In der Prozesstechnik wird oft eine SIL mit einem PFD verwendet, das bedeutet, dass hier die Ausfälle pro Anforderung bewertet sind (low demand). Bauteile hier z.B. Temperaturwächter
Beim SIL nach der EN 62061 hast du hingehen einen PFHd, hier wird die Ausfallwahrscheinlichkeit pro Zeiteinheit bewertet (high demand). Bauteile hier z.B. Sicherheitsrelais

Generell:
Du kannst keine Berechnung mit Sistema nach der EN 62061 durchführen. Bei einer Umrechnung musst du auch aufpassen, ob die Bedingungen (Betätigungsraten, Testung, usw.) identisch sind.
Aber ob die wirklich identisch sind, ist schwer zu bewerten. Wenn du viele Bauteile mit einer SIL-Zertifizierung hast, wäre es evtl sinnvoll, nach der EN 62061 zu rechnen.
Nicht das ich bei Pilz Werbung machen möchte, doch ich finde die Software PAScal gut. Sehr übersichtliche Struktuerstellung mit einer Auswahl für die Berechnung nach ISO 13849 oder EN 62061.


----------



## Safety (25 März 2011)

Hallo,
  mal ehrlich die Normenersteller sollten darauf achten, dass die Normen anwendbar sind, was bedeutet auch kleinere und mittlere Unternehmen sollten noch die Möglichkeit haben  Harmonisierte Normen zu erfüllen. Die DIN EN ISO 13849-1 und -2 hat ein vereinfachtes Verfahren welches immer noch auf den  schon lange bekannten Architekturen aufbaut.  Wenn man sich jetzt entsprechende Baumustergeprüfte Bauteile sucht und die nach den Datenblättern einsetzt hat man schon einen großes Stück erreicht. Auch in der Pneumatik und Hydraulik kommen immer mehr solcher Systeme auf den Markt und es gibt viele Schaltungsvorschläge. Auch die ganze Dokumentation wird dadurch weniger! Warum muss es zwei Normen für den Maschinenbau geben man sollte die 62061 abschaffen und die 13849-1 einige Zeit laufen lassen und Erfahrungen in Verbesserungen und Vereinfachungen einfließen lassen.  Es sollten auch klare Begriffliche Abgrenzungen zwischen Prozess Normen und Maschinenbau Normen geben um solche Verwechslungen auszuschließen. 
  Dies ist meine Meinung zu diesem Thema und zum Abschluss wenn man die 62061 Anwendet muss man diese auch kennen und umsetzen nicht nur Werte in eine Software tippen, was natürelich auch für die 13849 gilt.


----------



## hbdfan (5 April 2011)

Es geht los. 1. Project und gleich erste Probleme.

Kurzform:

2 Sicherheitsfunktionen, 1. NOT-Halt ausgelöst durch einen von drei NOT-Aus Schaltern. 2. Stoppfunktion durch Öffnen der Schutztüren auch drei Schalter.

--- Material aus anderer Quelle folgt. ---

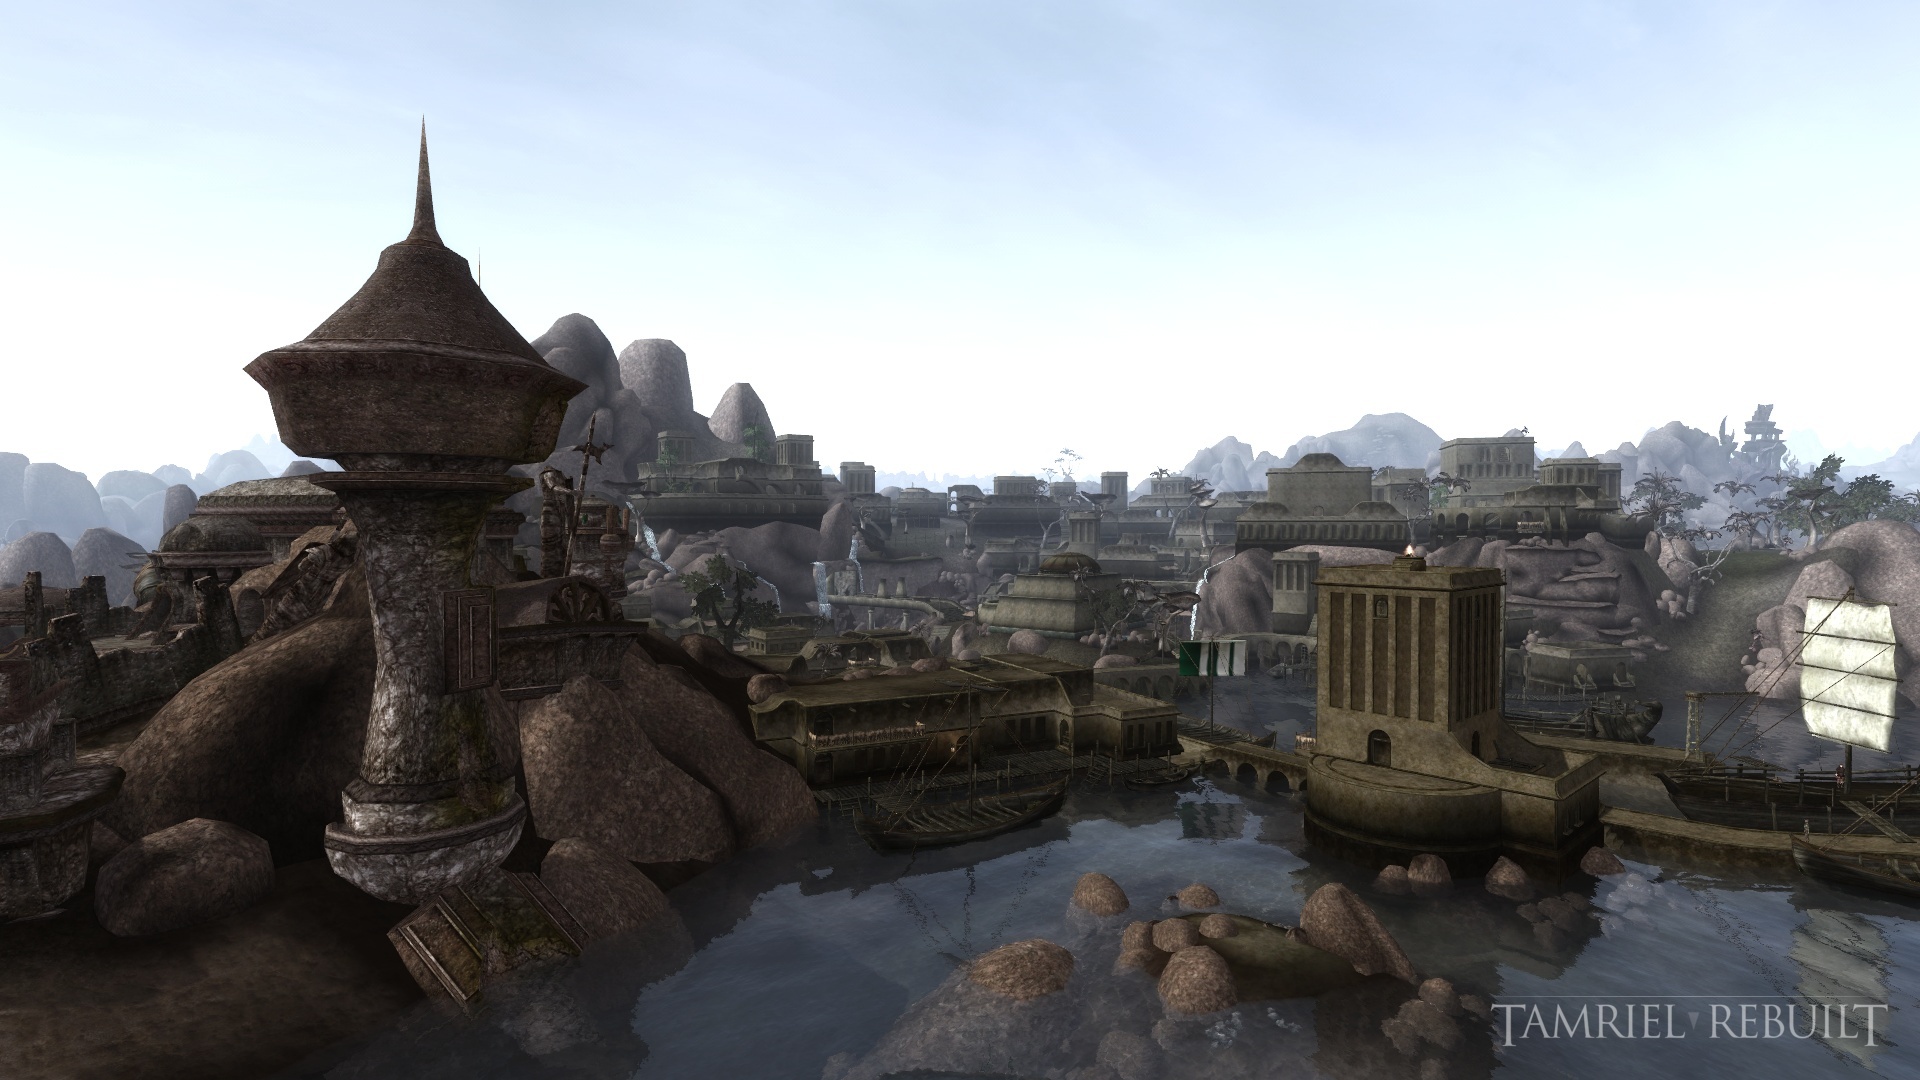 The Elder Scrolls III: Morrowind – Tamriel Rebuild

Schaltung: Drei NOT-Aus Schalter in Reihe geschaltet, danach in Reihe die drei Türkontaktschalter. Alle sechs haben jeweils 2 Öffner und trennen somit gleichzeitig + und -.
Nach den Schaltern kommt ein NOT-Aus Modul und dieses schaltet das Hauptschütz ab und trennt somit die Maschine vom Netz.

Als PLr wird mir "d" vorgegeben.

Habe jetzt als erstes die NOT-Halt funktion versucht. 
Also:SF NOT-Halt
       SB NOT-Aus Schalter
Und dann hört es langsam auf. Wie komme ich weiter.
Bitte helft mir. Sitze hier schon seit Stunden dran.


----------



## jora (5 April 2011)

Sistema ist für Neueinsteiger leider recht unübersichtlich. Hast du dir die Kochbücher schon angeschaut?
http://www.dguv.de/ifa/de/pra/softwa/sistema/kochbuch/index.jsp

Mir hatten am Anfang va. die Beispiele geholfen gehabt.


----------



## Safetyexpert (20 Juli 2011)

*"Beides ist richtig..." (klassisches Zitat)*

Sowohl die IEC Norm als auch die ISO Norm hat je nach Anforderung seine Vorteile. Die ISO Norm ist sicherlich für den neuneinsteigenden Maschinenbauer leichter anzuwenden, - die Liste der Unterschiede könnte man natürlich ins endlose fortsetzen.

ISO 13849
+ einfache Anwendung
- nur 2 kanalige Architekturen
? Symetrisierung ohne jegliche Grundlage
- Testrate bei einer Kat.2 Architektur vorgeschrieben

IEC 62061
+ nahe bei der "Mutter" der funktionalen Sicherheit EN 61508

Man kann sehr gut an einer Maschine beide Normen anwenden, dort wo es eben passt und dies für jede einzelne Funktionen (SRECS, SRP/CS)  nachweisen. 


Zu SISTEMA
Auch bei allen Beispielen immer die oberste Direktive beachten!
! 2006/42/EG - Anhang IV - Punkt21 ! 
(Fehlanwendung ~ grobe Fahrlässigkeit)


----------